Outliers, here, are thus not a mere statistical challenge. Rather, they may represent the battleground itself. Most empirical studies do not – or cannot – properly incorporate such quantitatively and qualitatively extreme cases.
(3) “Long” and “short” are relative, malleable terms. Short-termism – the concept that some shareholders take a myopic view of company performance – is ever-present as a talking point on all sides of the activist debate. Harvard Law Professor Lucian Bebchuk has implied that long term can mean anything from two-and-a-half (FN 40) to five years (see generally this 2013 study). Harvard Business School Professor Robert Pozen recently argued that the “war” on corporate short-termism is misdirected, pointing to oft-cited studies that hedge funds on average hold stocks for one or two years. Presumably, Pozen thinks that a one- or two-year period is not short-term. On the other side of the debate, Martin Lipton of Wachtell, Lipton, Rosen, & Katz has also referenced numerous studies with time horizons between two and five years. But how long is long for securities analysis?

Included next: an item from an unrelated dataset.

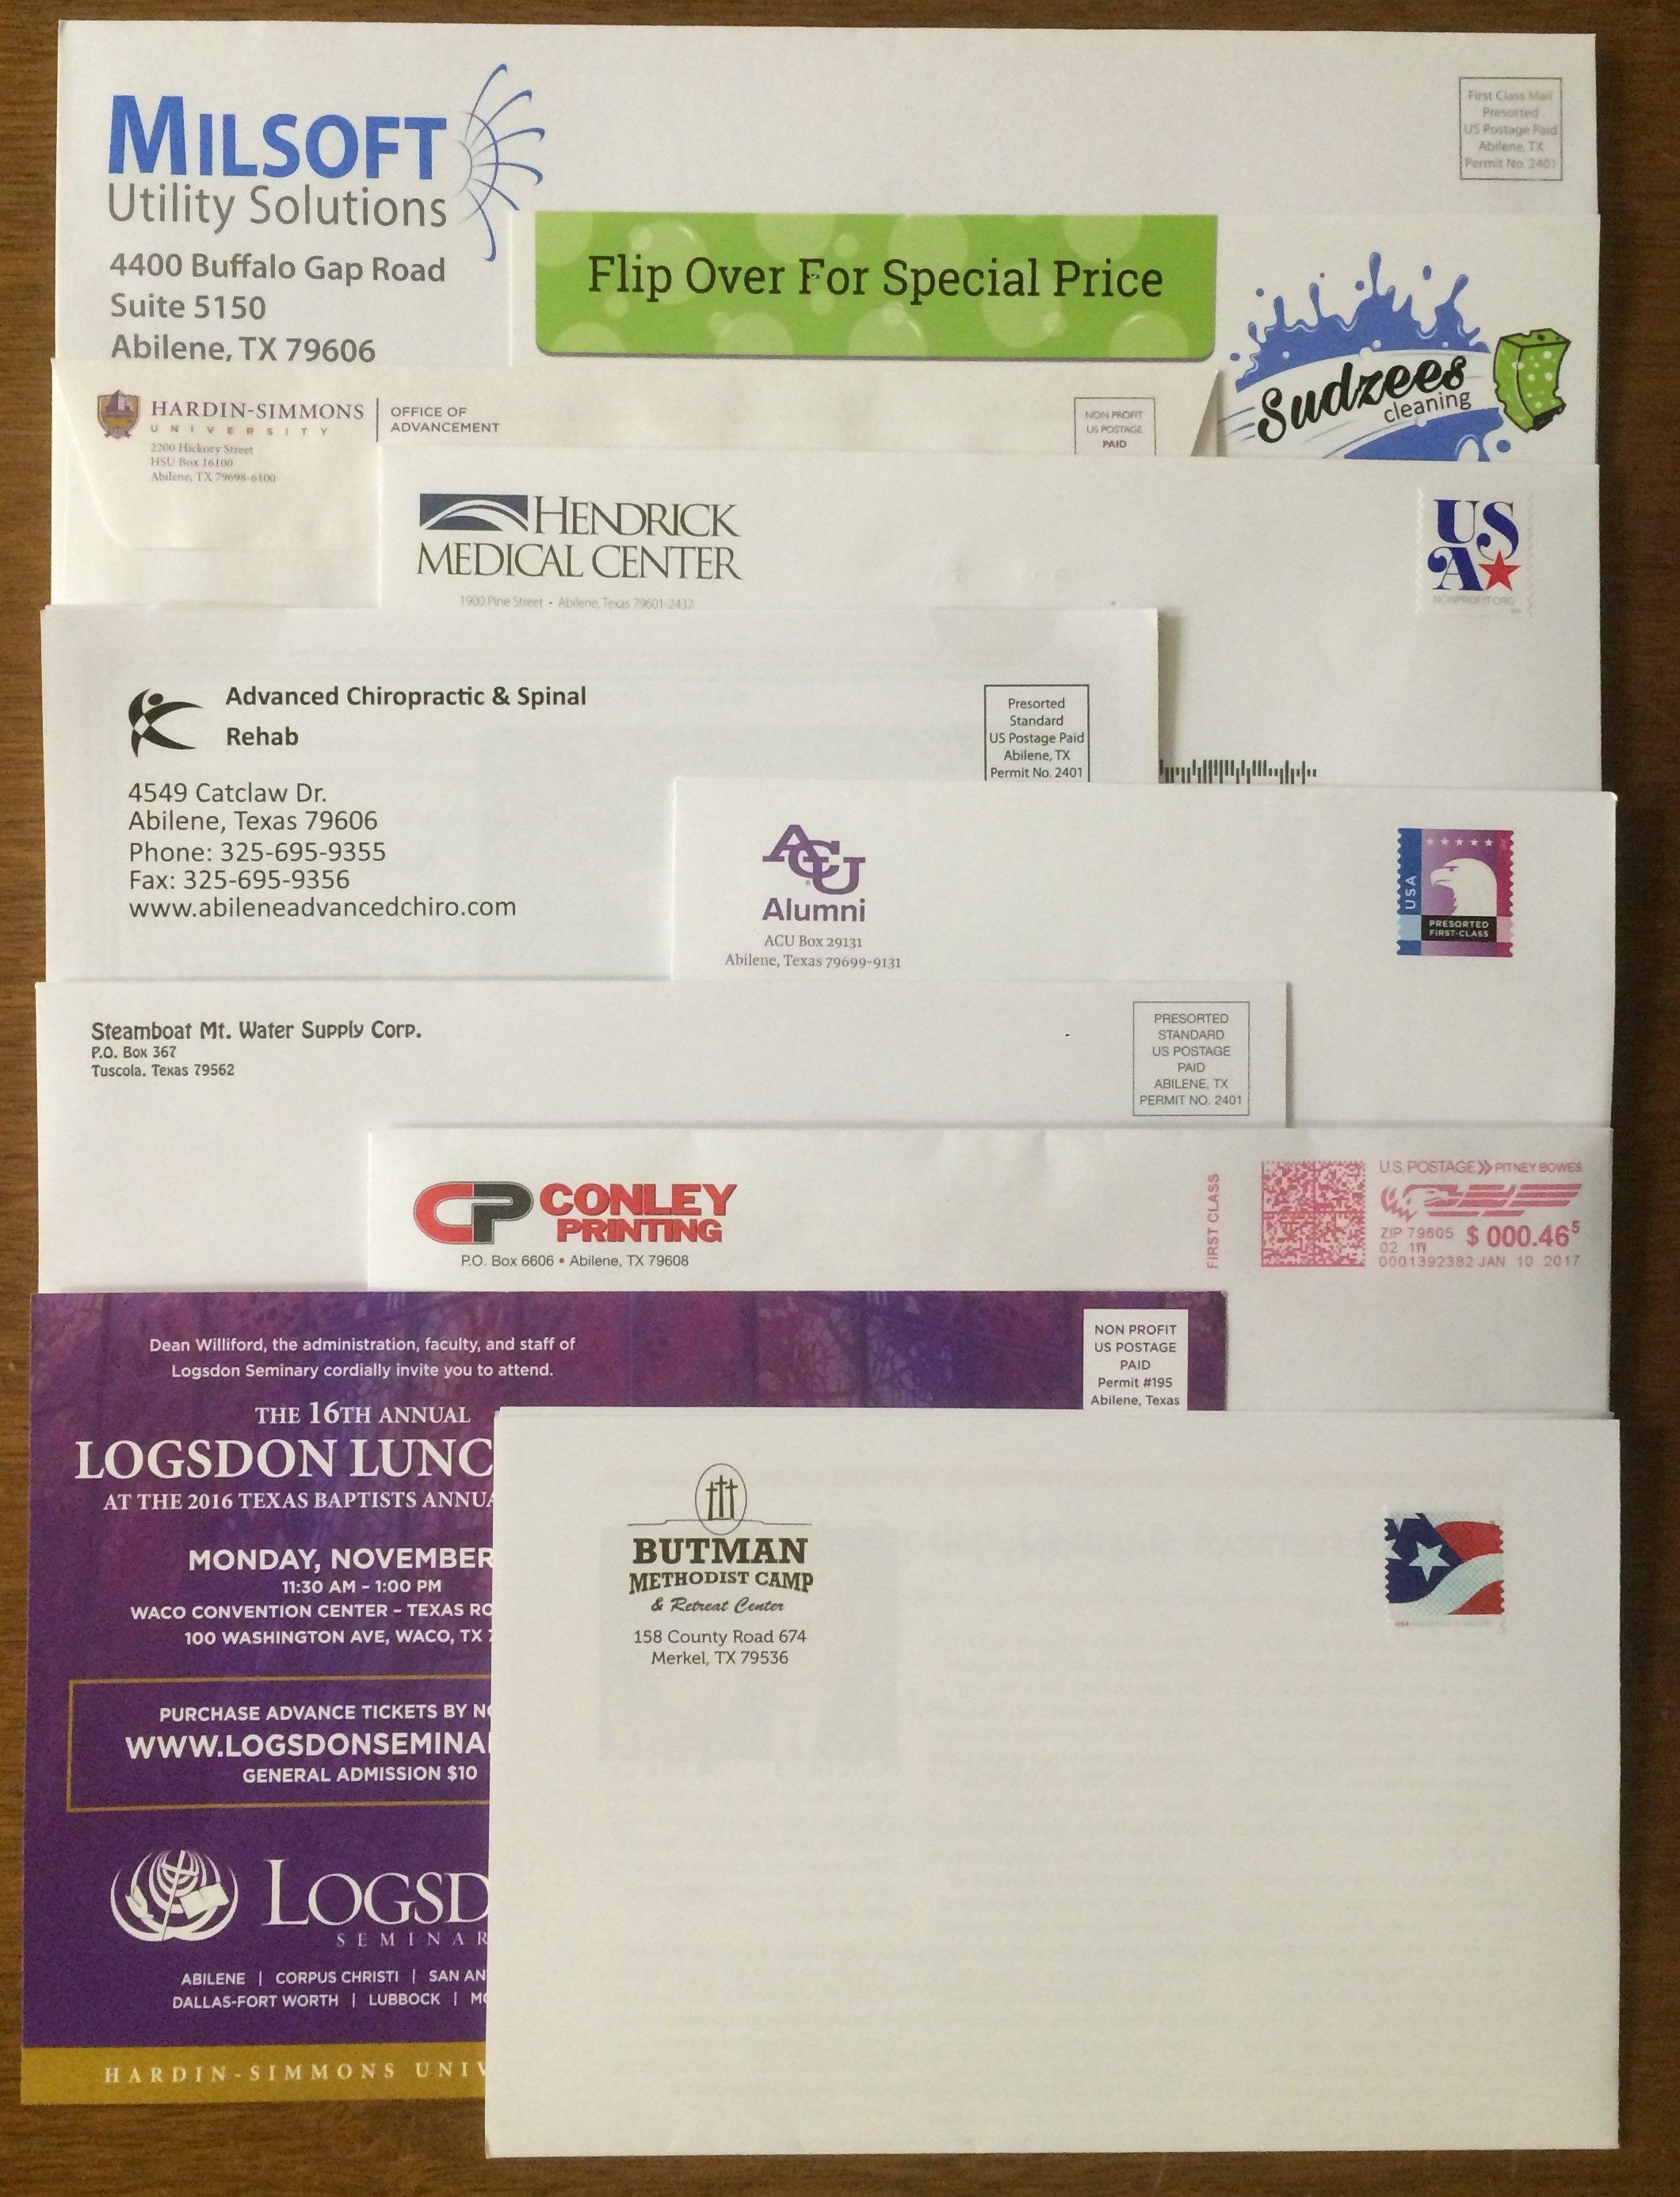 Direct Mail Abilene, TX

One could argue that the debate is anchored downward because of the presence of high-frequency traders acting on the order of milliseconds. Compared to holding a stock for fractions of a second, holding an asset for multiple quarters or years appears quite long-term. At the other extreme, Joe Tsai, co-founder of the Chinese e-commerce giant Alibaba, wrote in a blog post related to Alibaba’s IPO that the firm required a consolidated ownership structure because their goal was to thrive for over one hundred years.

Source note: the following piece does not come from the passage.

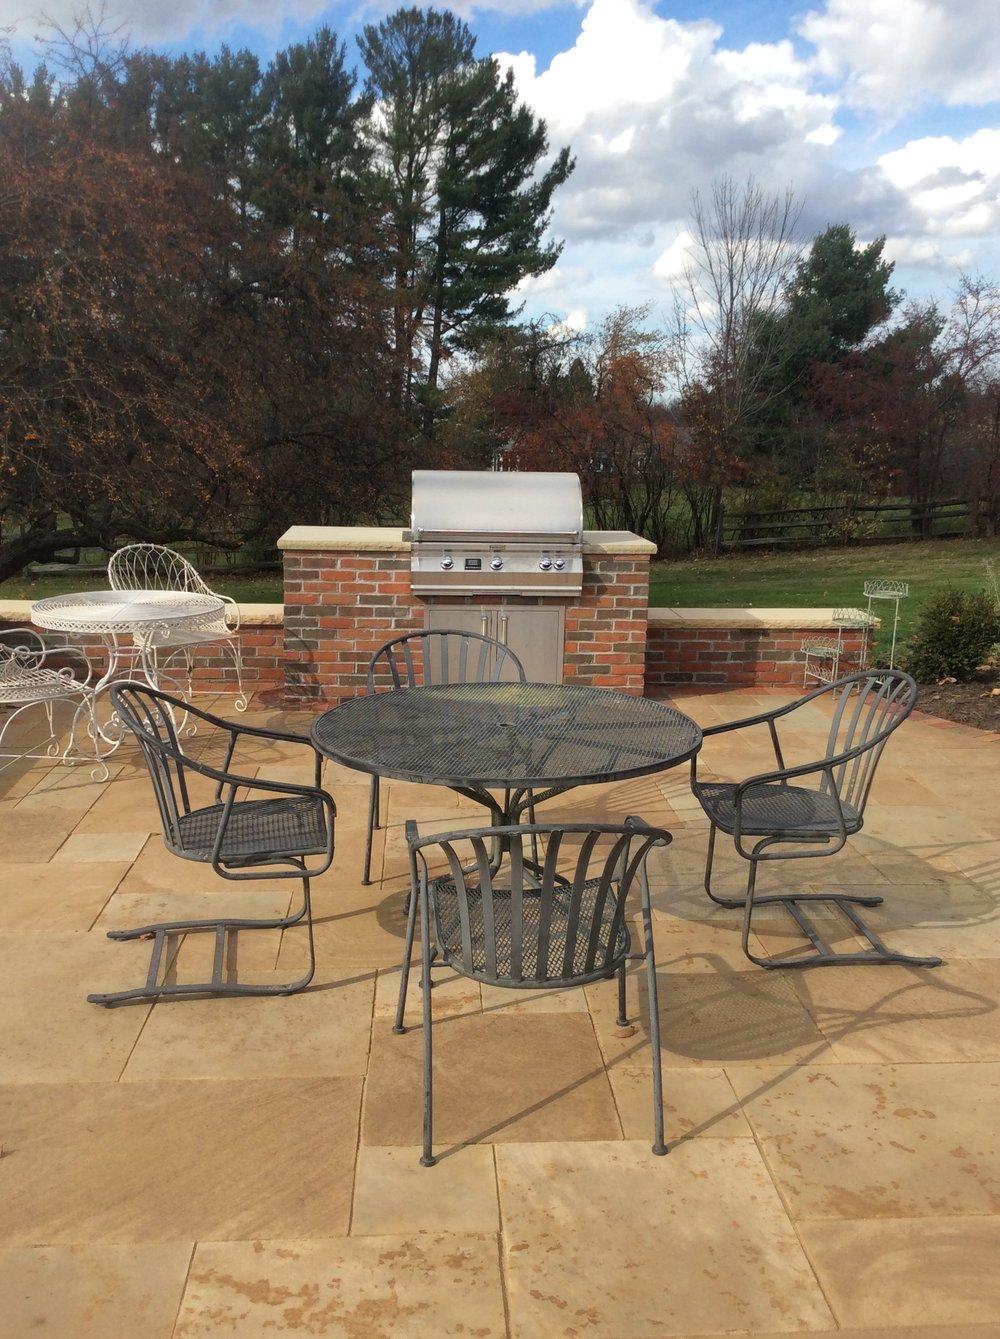 Retaining wall landscape design, patio pavers in Bainbridge Township, OH

The answer probably lies somewhere between those poles. Then-Vice Chancellor, now-Delaware Chief Justice, Leo Strine has criticized Lucian Bebchuk’s view of the “long-term” as “myopic” and as “sitcom-length rather than motion-picture-length“ (see FN 40). It seems intuitive that great firms, which have survived decades of competition, seek strategies that will be accretive over a longer timeframe than one or two or three years. A pharmaceutical CEO, for example, regularly makes decisions that will not impact customers for upwards of 10 years (i.e. the time it takes for a drug to go from discovery to FDA approval).

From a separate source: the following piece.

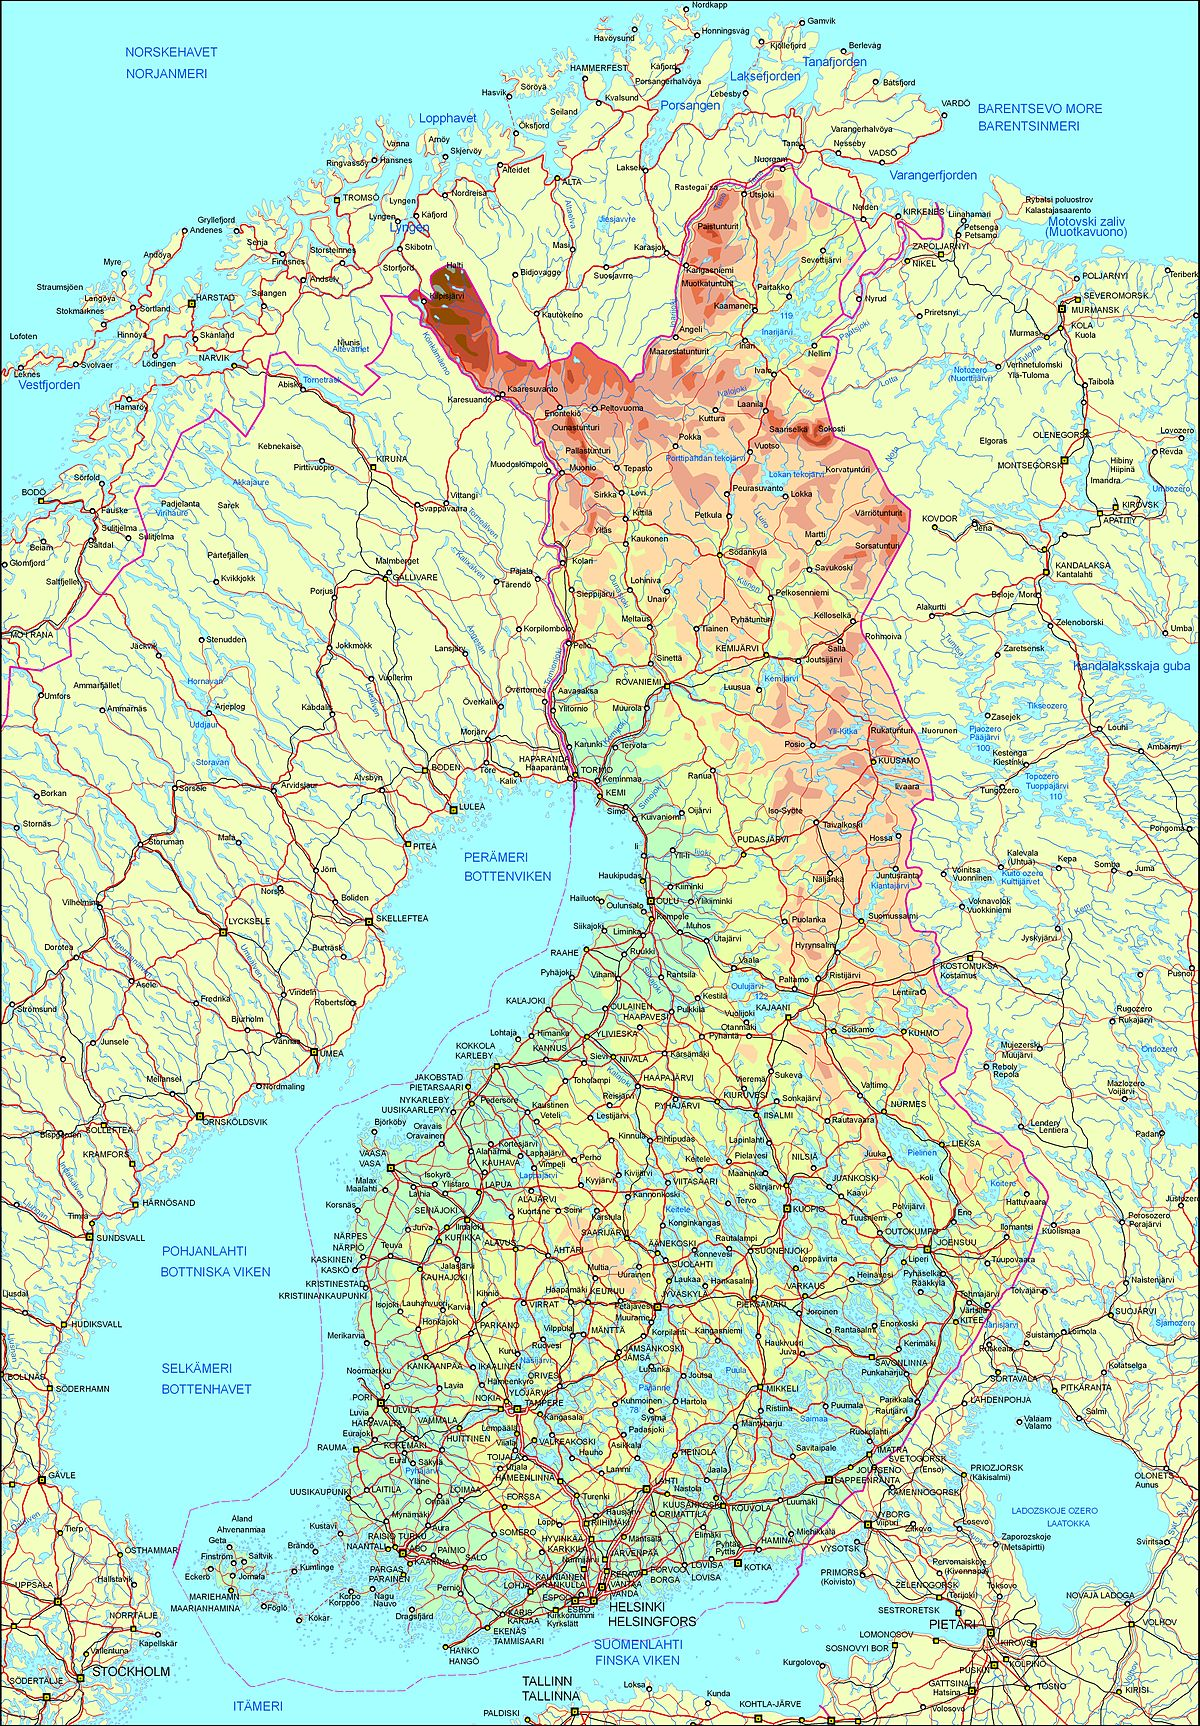 Suomen Kaupungit Kartat Paras Online Kasino Suomessa

Academics might respond, in turn, that for practical purposes it is too difficult to develop airtight quantitative studies over a horizon beyond a few years; there are simply too many variables, too much “noise,” or too many disparate data sets to piece together. This may be true, but methodological challenges should mean that we treat these studies with a grain of salt, not that we change our normative expectations.
In sum, fresh eyes reveal that high-level debates can overlook basic methodological questions. Far from a novel concept, we must remember that numbers don’t tell the whole story: quantitative rigor does not obviate human judgment, nor does it capture the ephemeral ways that market events impact society. The academy, the regulators, and the courts all embrace empirical, quantitative studies because they provide useful evidence. And yet, there is still an important place for qualitative analysis that affixes values alongside value.
What is the question we are trying to answer? How does a particular study’s methodology contribute to answering that question? How does a study’s assumptions strengthen or weaken its explanatory power? By asking basic questions such as these, we are reminded that transparency is invaluable not only for functioning capital markets, but for constructive scholarship and debate.